Directed tree structured Markov networks can be easily transformed into an efficient **product-form distribution**, represented by a “cluster tree”. The **tree width** is the maximum number of variables within a single cluster minus one. If the tree is a path, then the **path width** is the tree width when decomposed into a chain graph.
$w^* \leq pw^* \leq \dots$

Given a directed tree graph G, produce a product-form distribution by taking the product, starting at the root of G. $p(1,\dots,7) = p(3)p(1|3)p(2|3)p(4|3)p(5|4)p(6|4)p(7|4)$

Alternately, the product-form distribution can be constructed by multiplying the joint distribution of each clique together, divided by their intersections. $p(1,\dots,7) = \frac{p(1,3)p(2,3)}{p(3)} * \frac{p(3,4)}{p(3)} * \frac{p(4,5)}{p(4)} * \frac{p(4,6)}{p(4)} * \frac{p(4,7}{p(4)}$

This method has the benefit that it applies to any graph of cliques arranged in a tree structure.

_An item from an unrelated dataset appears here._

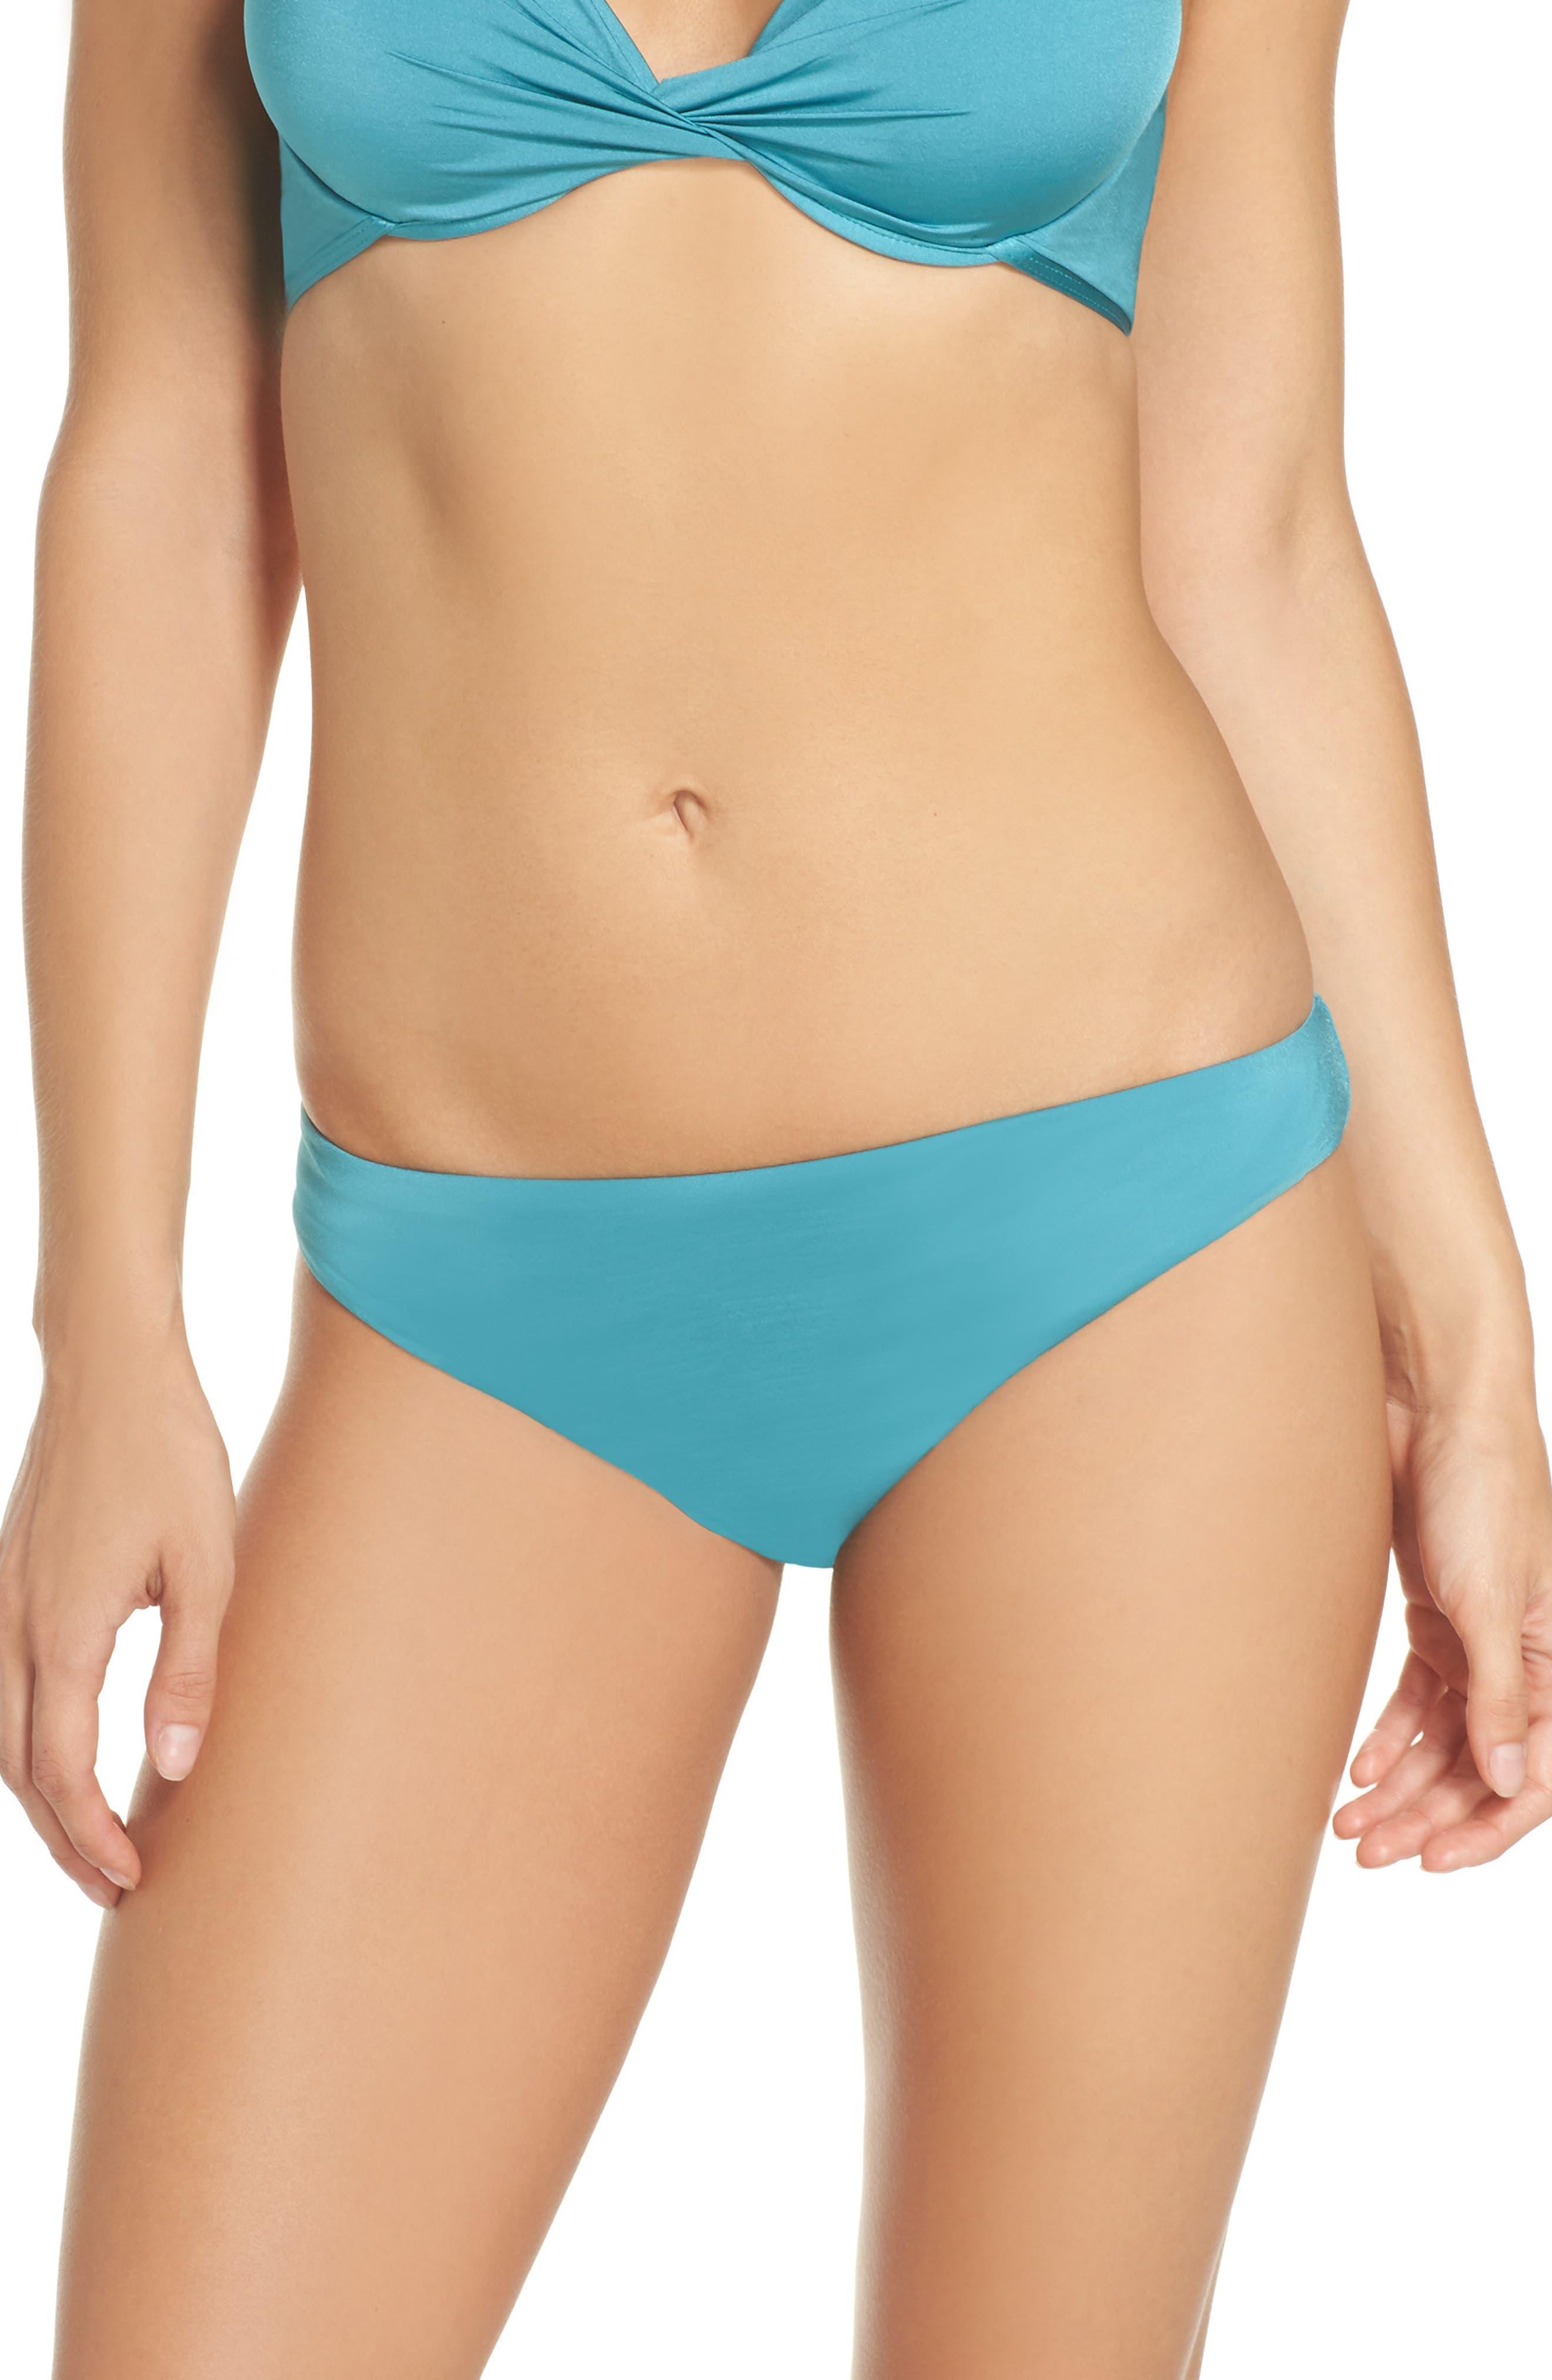 Hipster Bikini Bottoms,                             Main thumbnail 1, color,                             Aqua

For a tree-decomposition with edge between $B_j$ and $B_i$, $sep(i,j) = \text{scope}(B_I) \cap \text{scope}(B_J)$

The **separator-width** is the maximum separator in the tree.

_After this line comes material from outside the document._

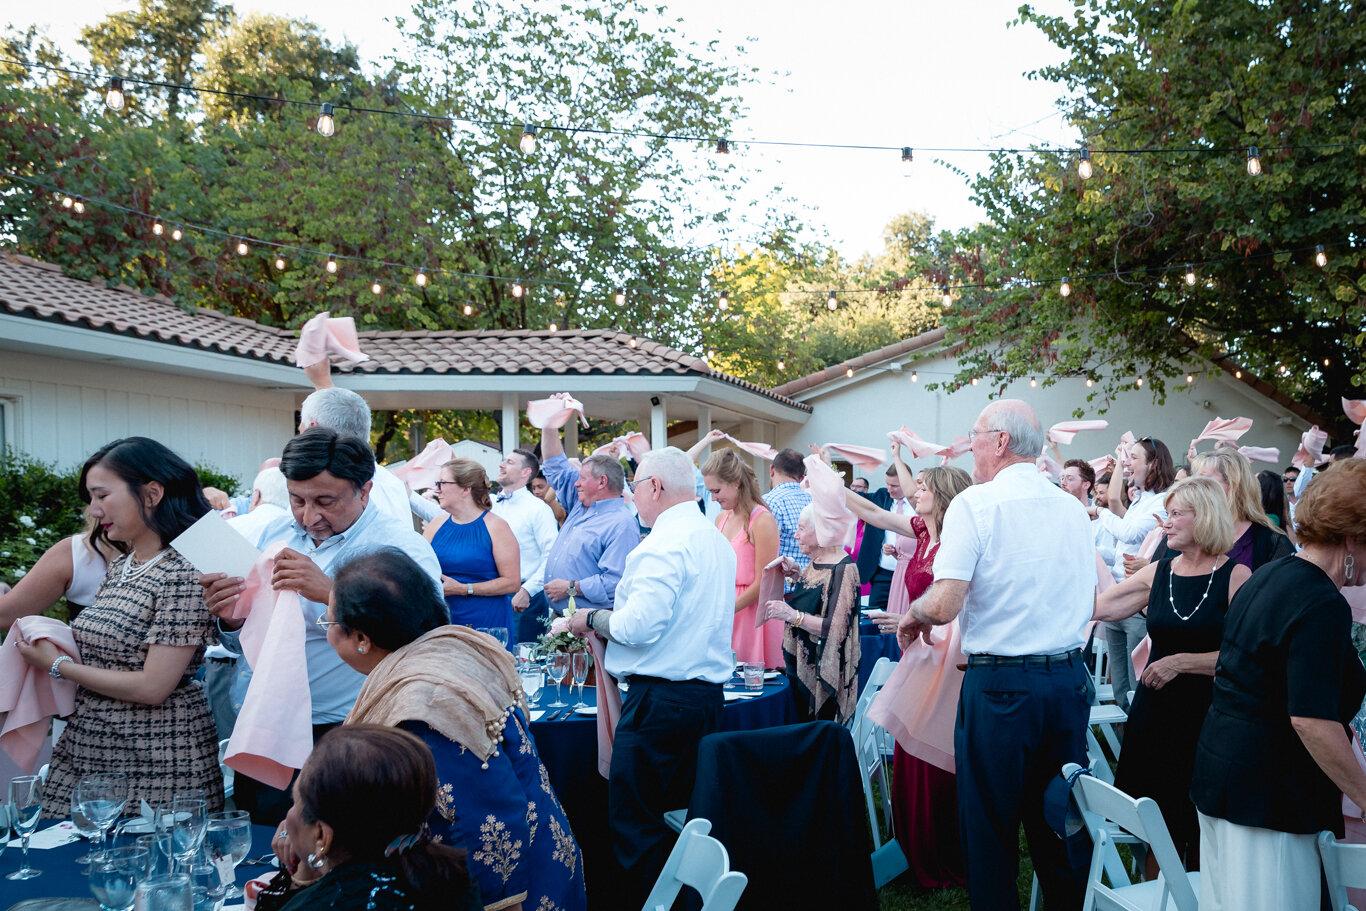 2019.08.24_Emily-Ashir-Wedding-at-the-Maples-6173.jpg

For a tree-decomposition with edge between $B_j$ and $B_i$, $elim(i,j) = \text{scope}(B_I) - sep(i,j) = \text{scope}(B_I) - \text{scope}(B_I) \cap \text{scope}(B_J)$

So we desire to decompose cyclical graphs into a tree structure. Chordal I-maps are decomposable. The fill-in algorithm can test for chordality and `triangulate`

or make the graph chordal.

Cutset conditioning can produce a tree-decomposition from a dependency graph.

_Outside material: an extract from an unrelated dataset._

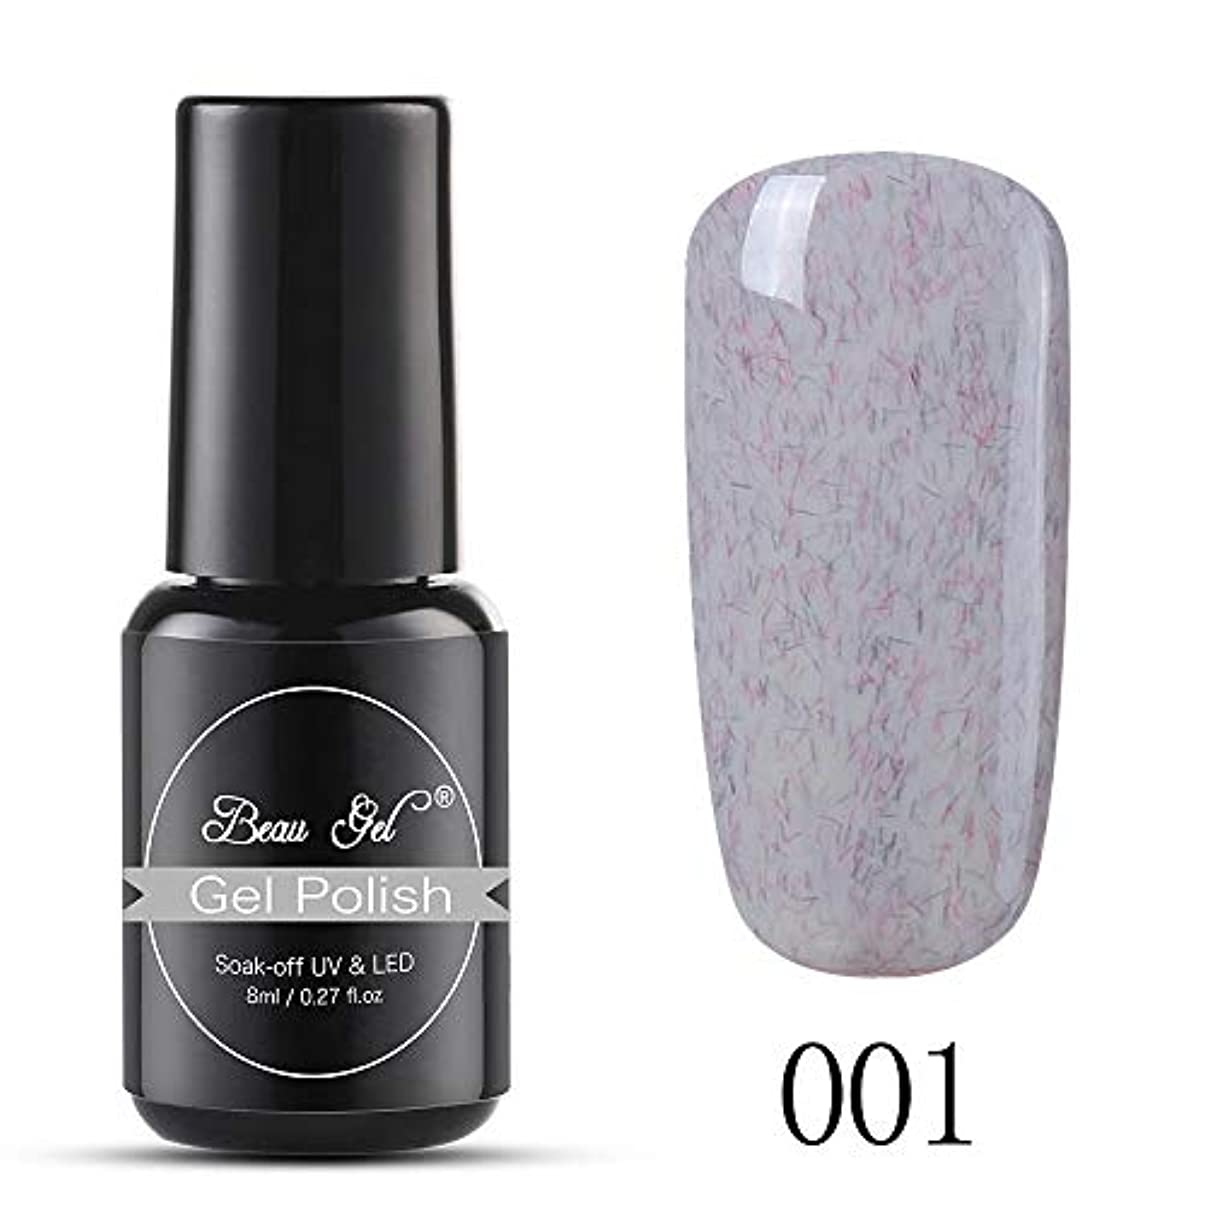 Beau gel ジェルネイル カラージェル 皮草系 1色入り 8ml-001

This is a method for constructing a join-tree a.k.a “junction tree”.
Decompose a graphical model $\mathcal{M} = <X,D,F,\Pi>$, its scopes $S = S_1,\dots,S_r$, and its primal graph $G=(X,E)$, where X = {$X_1,\dots,X_n$} and F = {$f_1,\dots,\f_r$}. Output is a **join-tree decomposition**.

- Select a variable ordering $d = (X_1,\dots,X_n)$
- Triangulate the graph in reverse-order
- Create a join-tree of the induced triangulated graph
- Identify all maximal cliques in the chordal graph
- create a tree structure over the cliques

##* In reverse-variable order: ##*# add the clique to the tree by connecting it to another node with which it share the largest subset of variables

- Place each input function in a cluster containing all variables in its scope

Simpler version:

- Use the fill-in algorithm if necessary
- Identify all cliques of G
- Order the cliques as $C_1,\dots C_t$ by rank of the highest vertex in the clique
- Connect each $C_i$ to a predecessor $C_j$ where $(j < i)$ and $C_j$ shares the most vertices with $C_i$

Once a join tree is created, “Messages” can be passed between clusters by marginalizing over non-shared variables. Each cluster will originate with a funtion of its member variables, but will then receive “messages” in the form of functions over sub-sets of variables shared with adjacent clusters. After receiving all messages, a joint marginal can be computed from the product of all of these functions within the cluster.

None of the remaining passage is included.